According to this, Tensorflow 2.0 dataset and dataloader
I should write a function doing augmentation job then pass to dataset.map(), following is what I've achieved so far:
def load_image(image_path, label):
# image_path is just a string, something like 'dataset/training_dataset/xxxx.jpg'
# label is an integer
image = tf.io.decode_jpeg(tf.io.read_file(image_path), channels = 3, dct_method='INTEGER_ACCURATE')
# 1. do crop
height, width, _ = image.shape
crop_x = np.random.randint(0, width - 224)
crop_y = np.random.randint(0, height - 224)

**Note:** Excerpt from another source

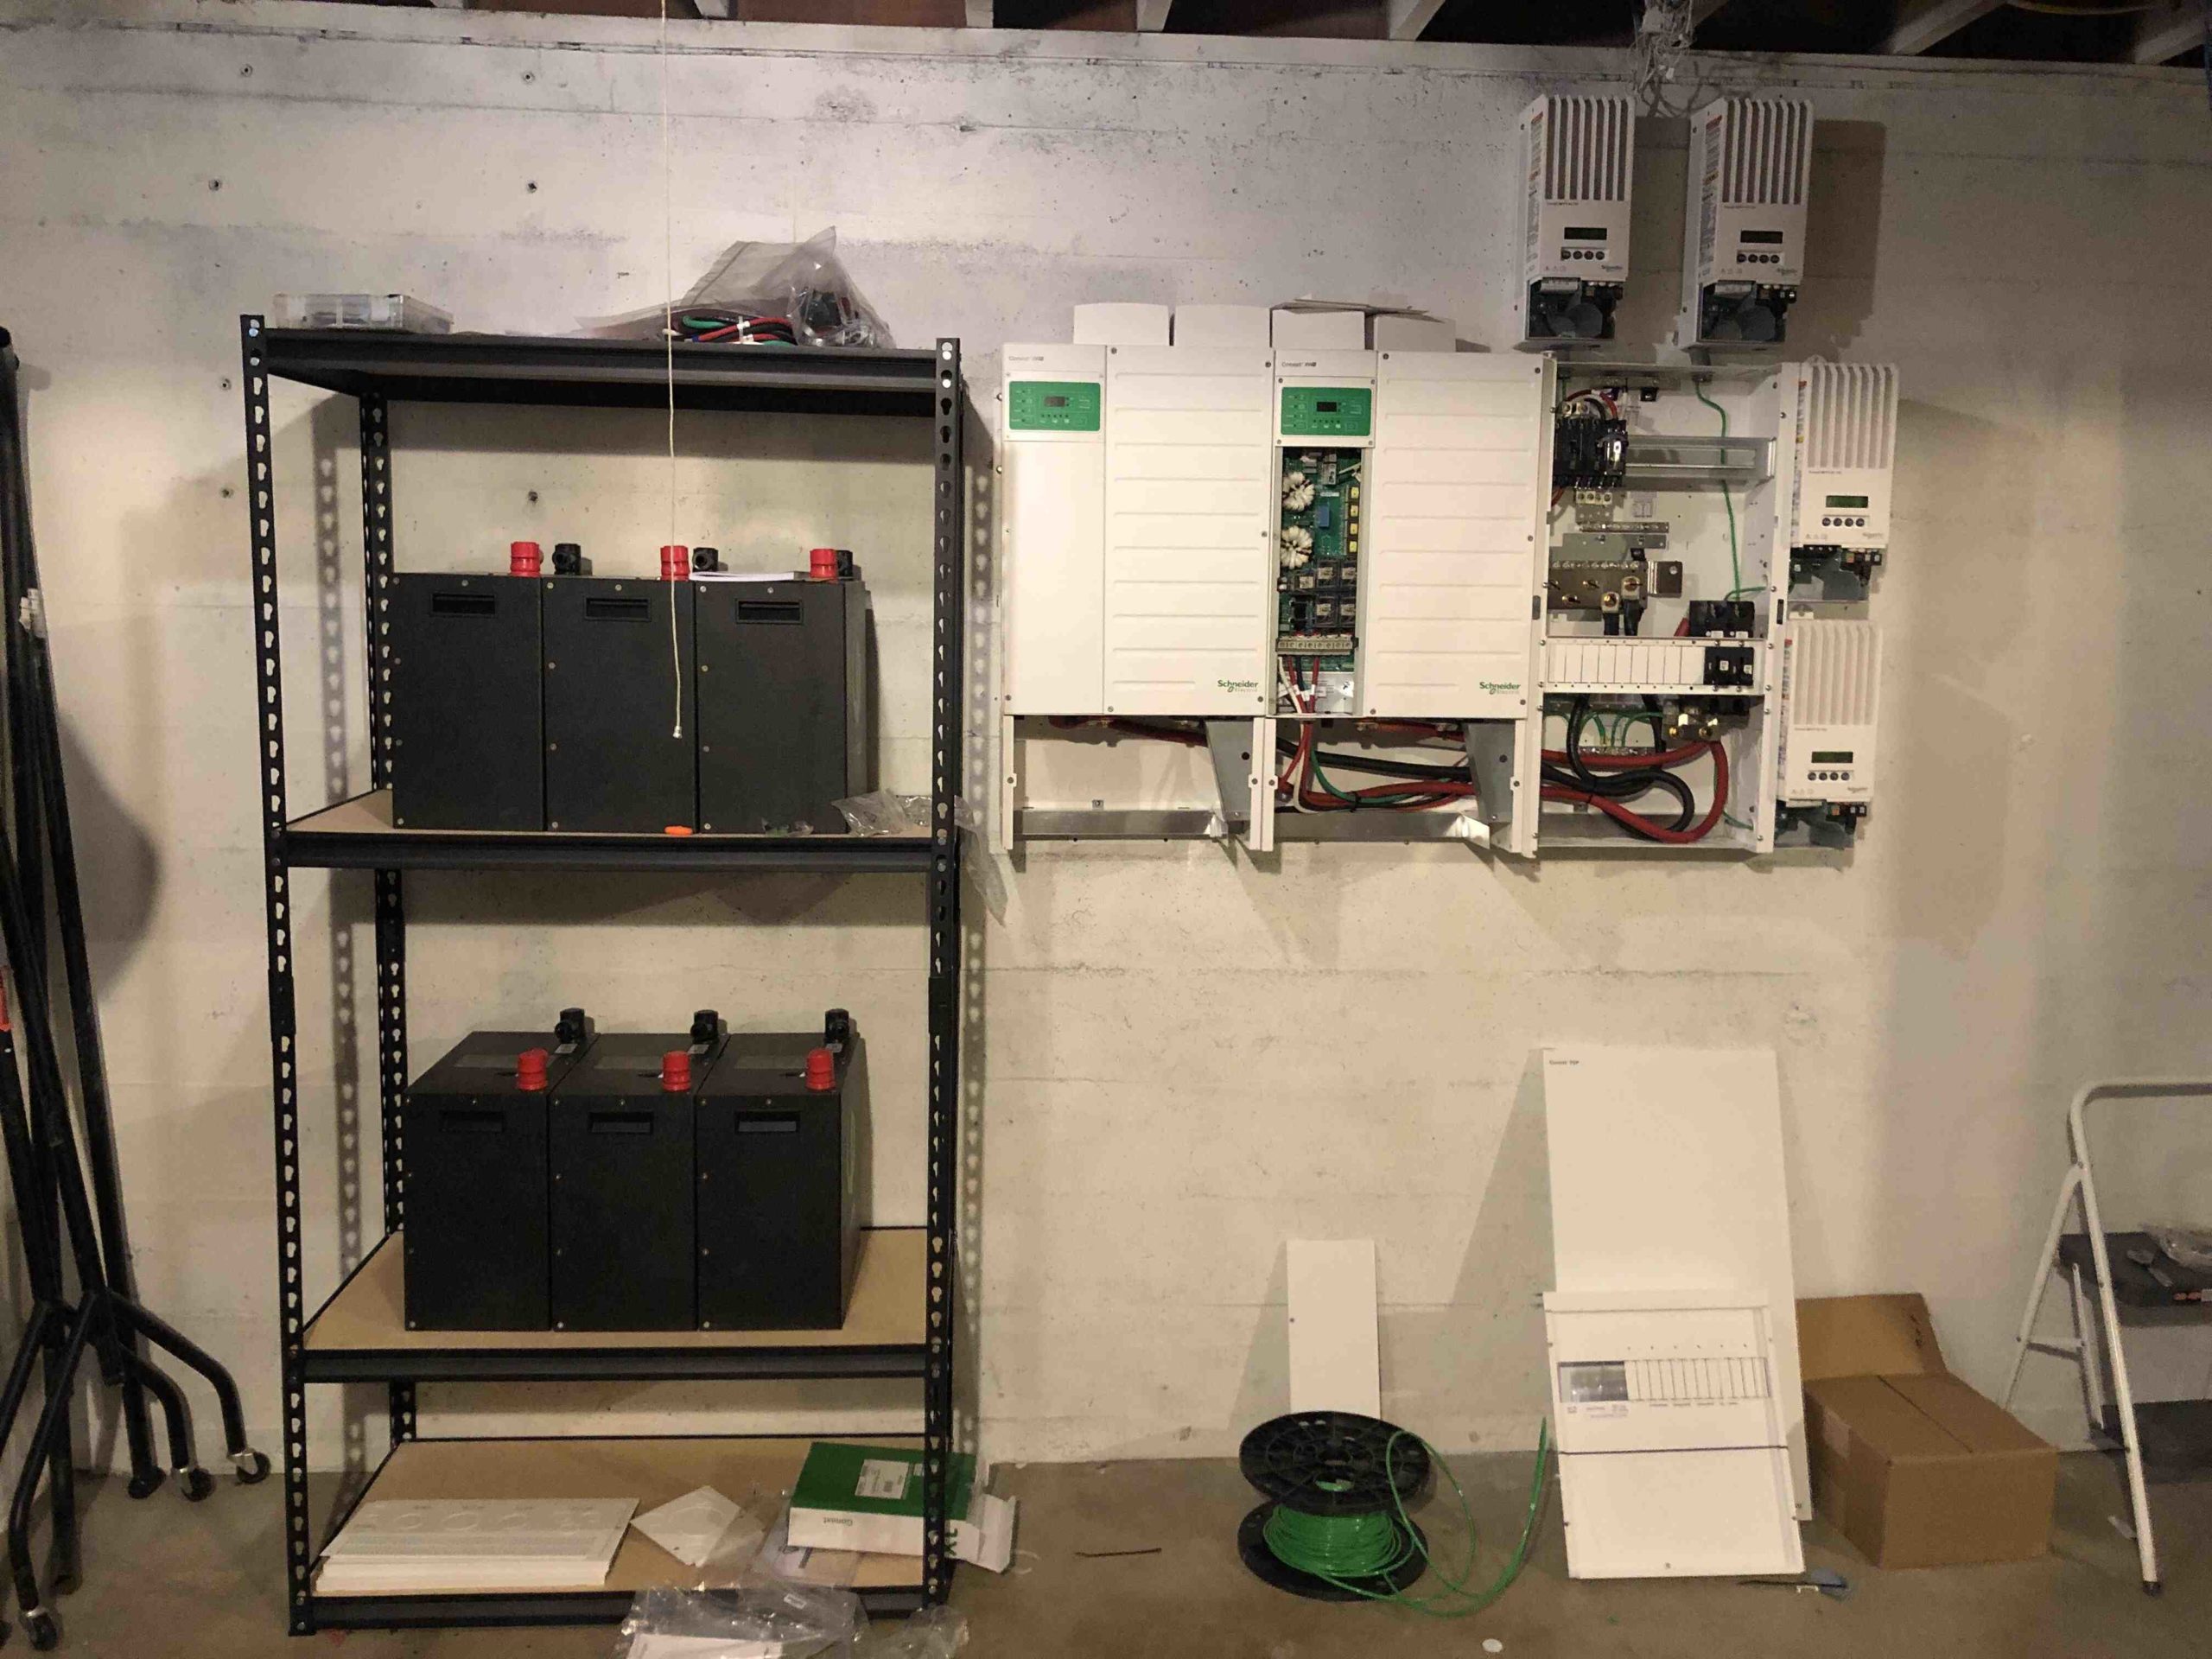 How much does it cost to have inverter install?

image = tf.image.crop_to_bounding_box(image, crop_y, crop_x, 224, 224)
# 2. do flip
if np.random.rand() < 0.5:
image = tf.image.flip_left_right(image)
image = image / 127.5
image -= 1
label_one_hot = tf.one_hot(label, 50)
return image, label_one_hot
def load_list(text_file):
images, labels = [], []
# read text file, file name/label, something like
# dkakd.jpg 24
# adkjakd.jpg 12
# and return
# 'dataset/training_dataset/dkakd.jpg', 24
return images, labels
def get_train_dataset(text_file):
images, labels = load_list(text_file)
dataset = tf.data.Dataset.from_tensor_slices((images, labels))
dataset = dataset.shuffle(len(images))
dataset = dataset.map(lambda x, y: tf.py_function(load_image, inp=[x, y], Tout=[tf.float32, tf.float32]), num_parallel_calls= tf.data.experimental.AUTOTUNE)

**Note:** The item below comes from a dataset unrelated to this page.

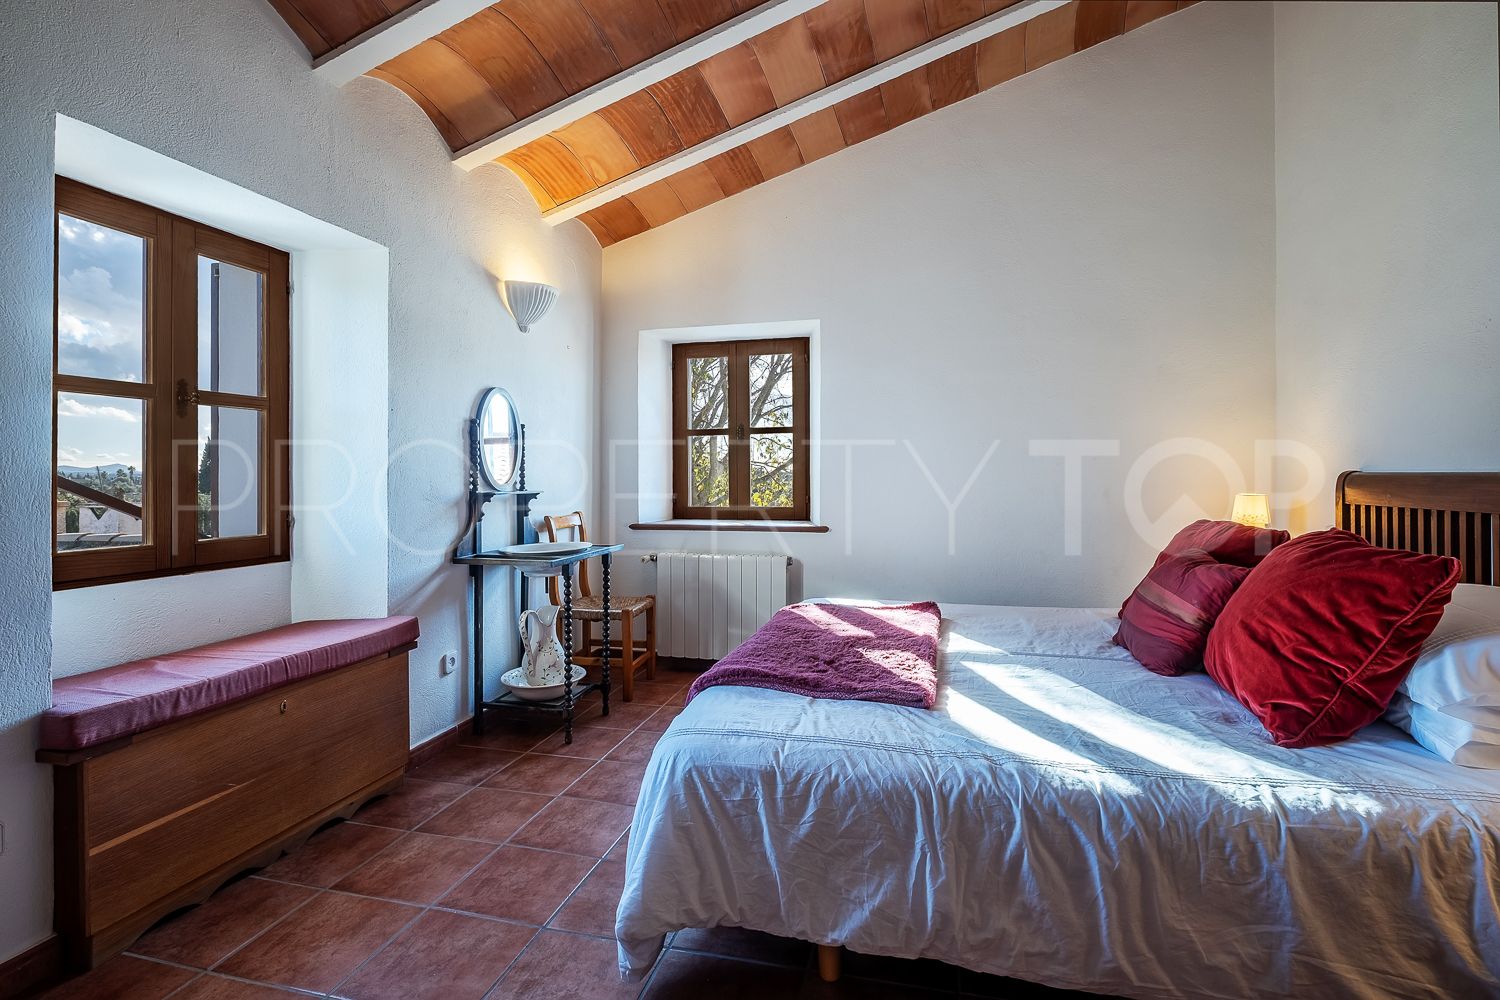 For sale house in Inca with 6 bedrooms

dataset = dataset.batch(128)
dataset = dataset.prefetch(buffer_size = tf.data.experimental.AUTOTUNE)
return dataset
# I have two GPUs so I did this according to TF official tutorial
strategy = tf.distribute.MirroredStrategy(cross_device_ops=tf.distribute.ReductionToOneDevice())
train_dataset = get_train_dataset(text_file)
model = mobilenet_v2() # I'm just using official structure of mobilenet v2
with strategy.scope():
model.compile()
model.fit(train_dataset,
epochs = 15,
workers = 4,
use_multiprocessing = True)
According to this Parallelism isn't reducing the time in dataset map
num_parallel_calls seems only enable multi-threads, which only helps when you are using tf.ops instead of customize functions, and I also set workers and use_multiprocessing for fit(), but none of them works.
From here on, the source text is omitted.